И вдруг, спустя почти год, снова приезжает Александр! И зачем он смотрит так на нее, заставляя краснеть и смущаться, ведь снова уедет и оставит одну… Но Грибоедов не уезжает. Кажется, только теперь он заметил, что Нина уже не ребенок, и это открытие ослепило его. «В тот день, — писал Грибоедов Булгарину, — я обедал у старинной моей приятельницы Ахвердовой, за столом сидел против Нины Чавчавадзе... Все на нее глядел, задумался, сердце забилось, не знаю, беспокойство ли другого рода, по службе, теперь необыкновенно важной, или что другое придало мне решительность необычайную, выходя из-за стола, я взял ее за руку и сказал ей по-французски: «Пойдемте со мной, мне нужно что-то сказать вам». Она меня послушалась, как и всегда, верно, думала, что я усажу ее за фортепьяно... мы... взошли в комнату, щеки у меня разгорелись, дыханье занялось, я не помню, что я начал ей бормотать, и все живее и живее, она заплакала, засмеялась, я поцеловал ее, потом к матушке ее, к бабушке, к ее второй матери, Прасковье Николаевне Ахвердовой, нас благословили…»

Так в одно мгновение на свете стало на два счастливых человека больше. Весь месяц, пока готовились к свадьбе, Грибоедова мучила лихорадка. На венчании ему стало плохо и из дрожащей руки выпало обручальное кольцо, со звоном стукнувшись о каменный пол собора. «Дурной знак…» — зашептались собравшиеся.
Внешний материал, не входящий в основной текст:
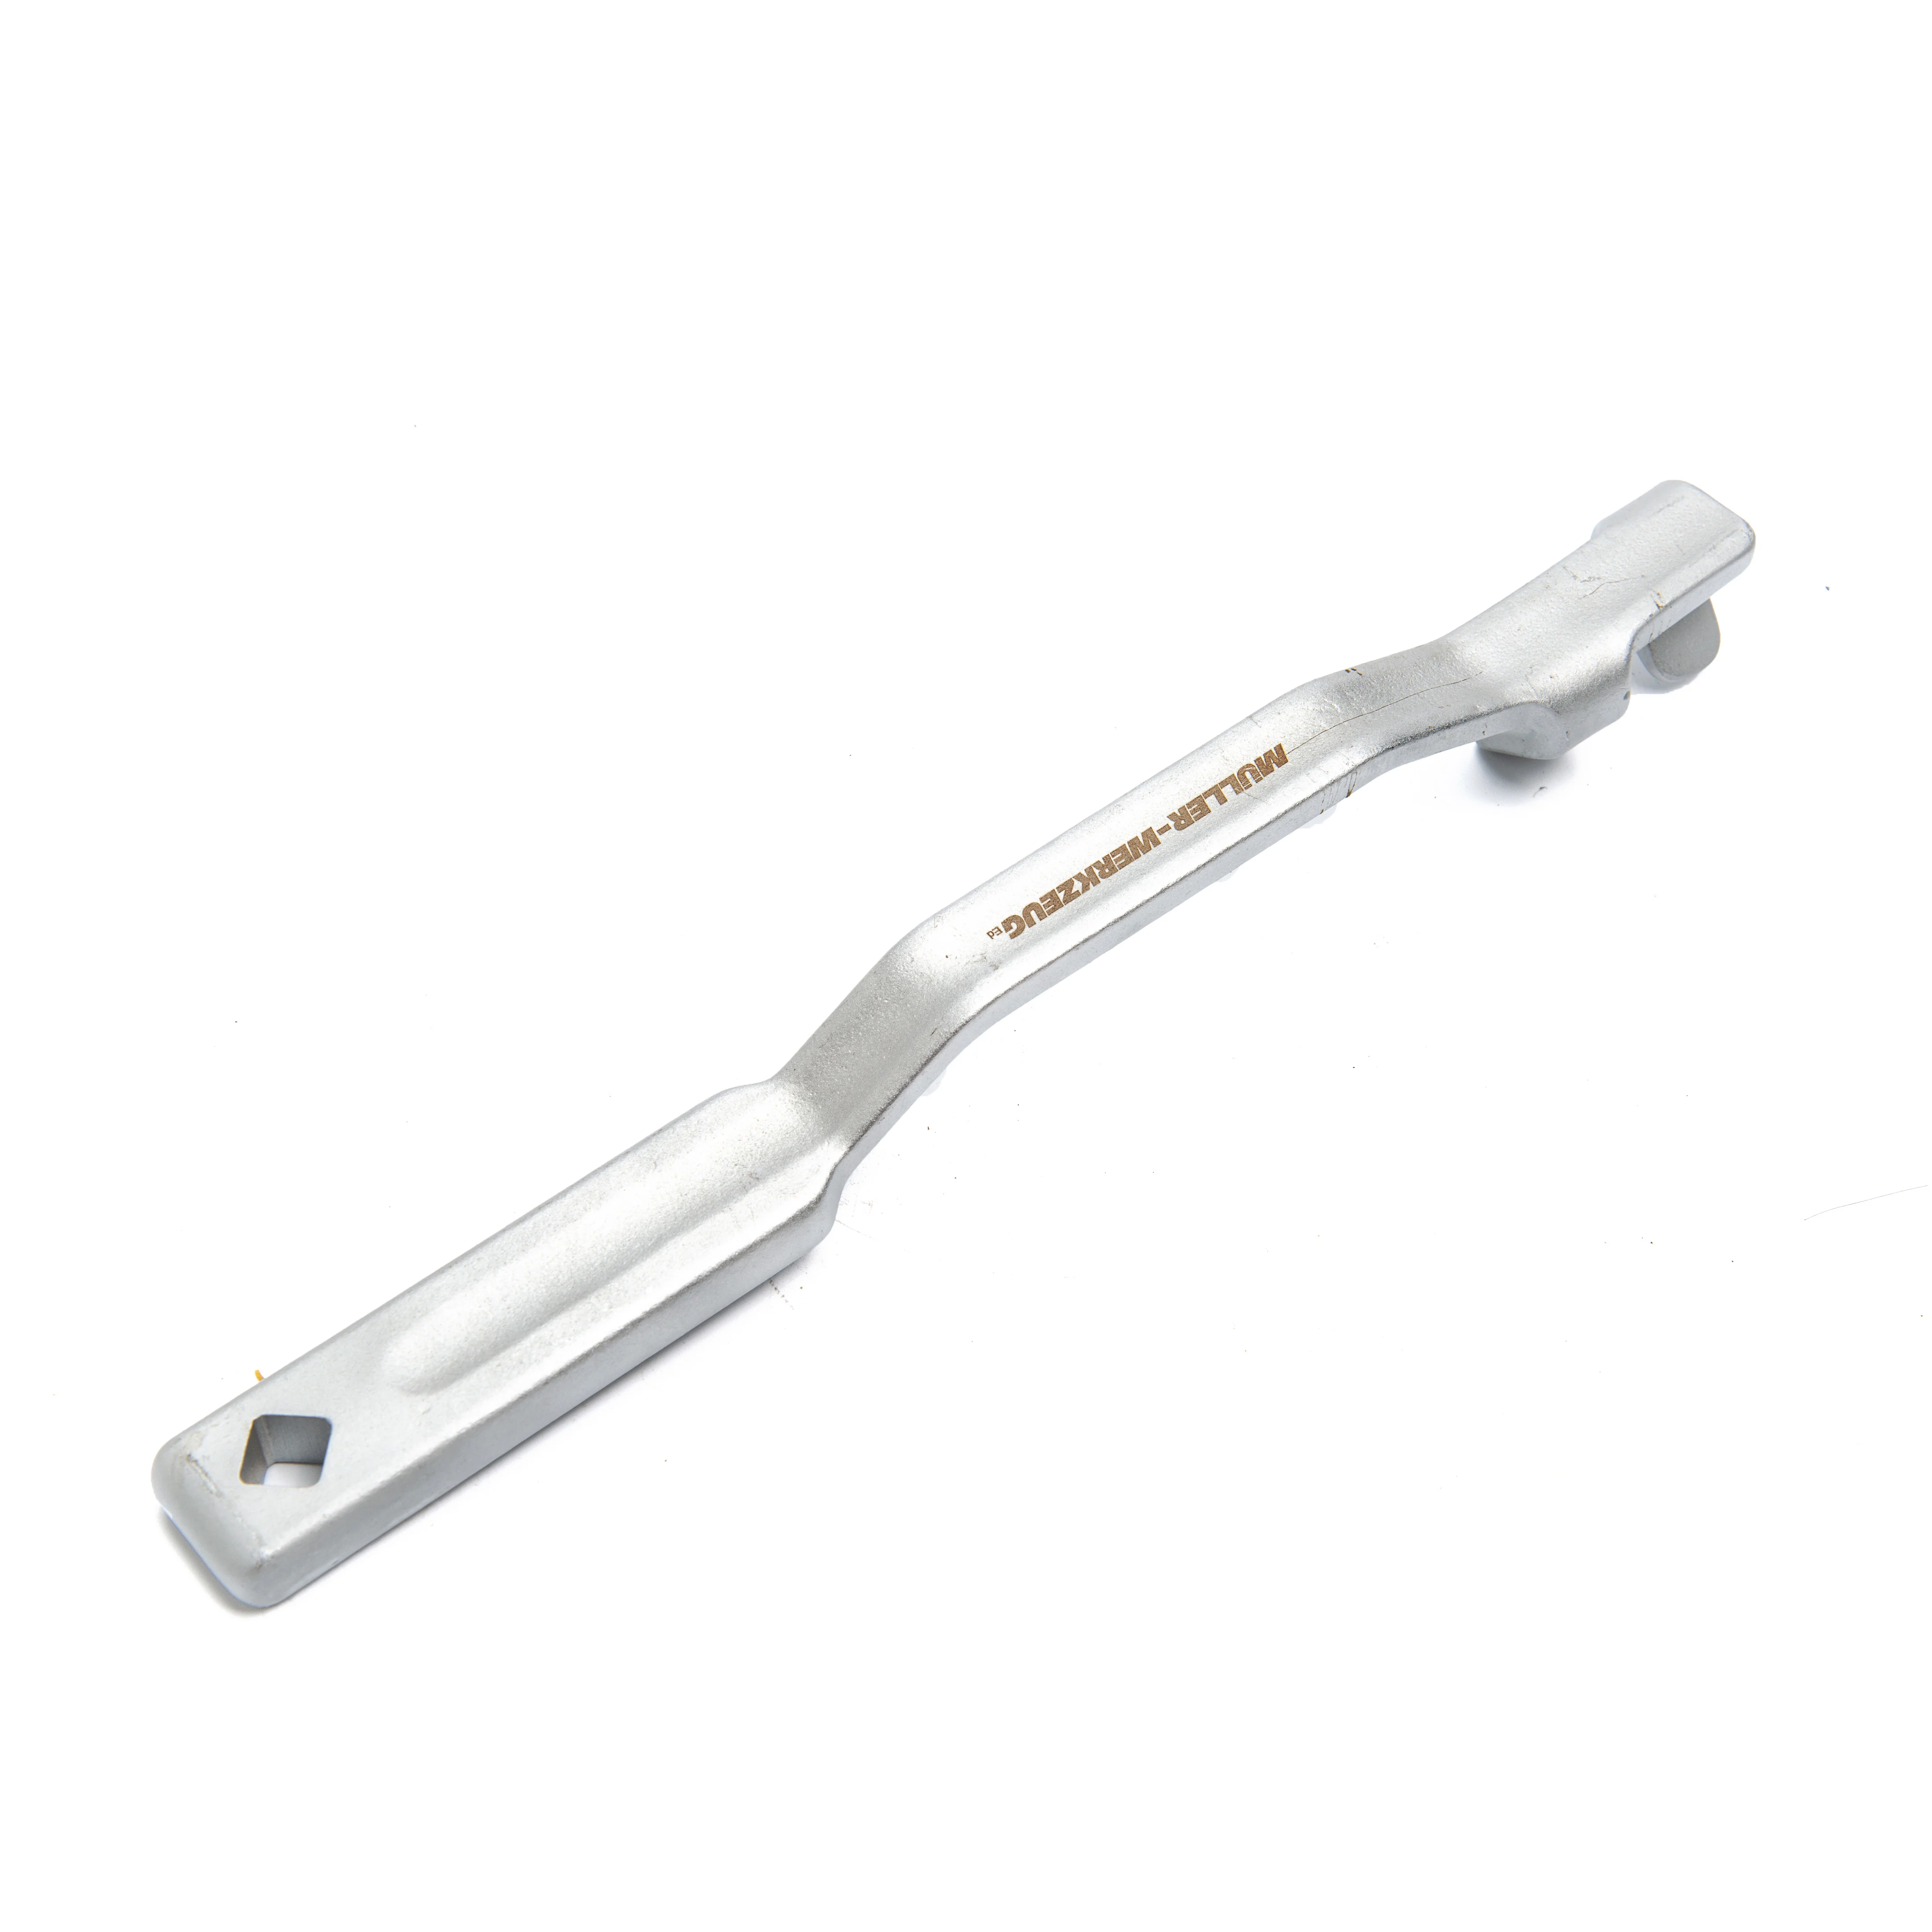 Universal wrench extender adaptor

Дурной знак.

И скоро перед алтарем
Мы с ним навек сошлись...
Казалось, праздновал весь мир,
И ликовал Тифлис.
Всю ночь к нам с ветром долетал
Зурны тягучий звук,
И мерный бубна стук, и гул
От хлопающих рук.
И не хотели погасать
Далекие огни,
Когда, лампаду засветив,
Остались мы одни,

«НЕ ПРЕДВИДЕЛ ОН КОНЦА СВОИХ БЛАЖЕННЫХ ДНЕЙ…»

Но все дурное было быстро забыто и утонуло в лучах счастья, которым светились Александр и Нина… Да и как плохие мысли могли прийти на ум в аллеях сада, где трава зелена, а тень прохладна, где вьется виноград, и глаз не отвести от очертаний кавказских гор… «Будем век жить, не умрем никогда!» — говорила Нина мужу. Она хотела знать все о его жизни, и Грибоедов много рассказывал ей и о своем прошлом, и немного о будущем: как через пару лет он уйдет в отставку, чтобы поселиться с ней в усадьбе, писать, вместе растить детей… Пока же настоящее требовало скорого отъезда Грибоедова в Персию. Недолгая идиллия их семейной жизни длилась всего 10 дней. Нина решила ехать с мужем, но, не желая подвергать опасности беременную жену, Грибоедов оставил ее в одном из городов по дороге в Тавриз.

Он писал ей каждый день, с трудом перенося разлуку — даже прислал чернильницу с надписью «Пиши мне чаще, мой ангел Нина», — и вдруг пропал… Никаких вестей.

И не хотела ночь унять
Далекой пляски шум,
Когда с души его больной
Скатилось бремя дум,
Чтоб не предвидел он конца
Своих блаженных дней
При виде брачного кольца
И ласковых очей.

ПРОЩАЙ, ЛЮБВИ МОЕЙ ЗАРЯ!

Родственники уговорили Нину вернуться в Тифлис, утверждая, что Грибоедов настаивал на этом в письме. «Где же оно, это письмо? Покажите мне, покажите!» — просила Нина. Но письма не было. Нине казалось, что от нее что-то скрывают, недоговаривают. Однажды неосторожно оброненные кем-то слова (то ли «вдовья доля», то ли «дитя, обреченное стать полусиротой»), подтвердили ужасные догадки Нины. Не в силах вынести такой удар, она упала в обморок, это вызвало преждевременные роды и еще одну трагедию.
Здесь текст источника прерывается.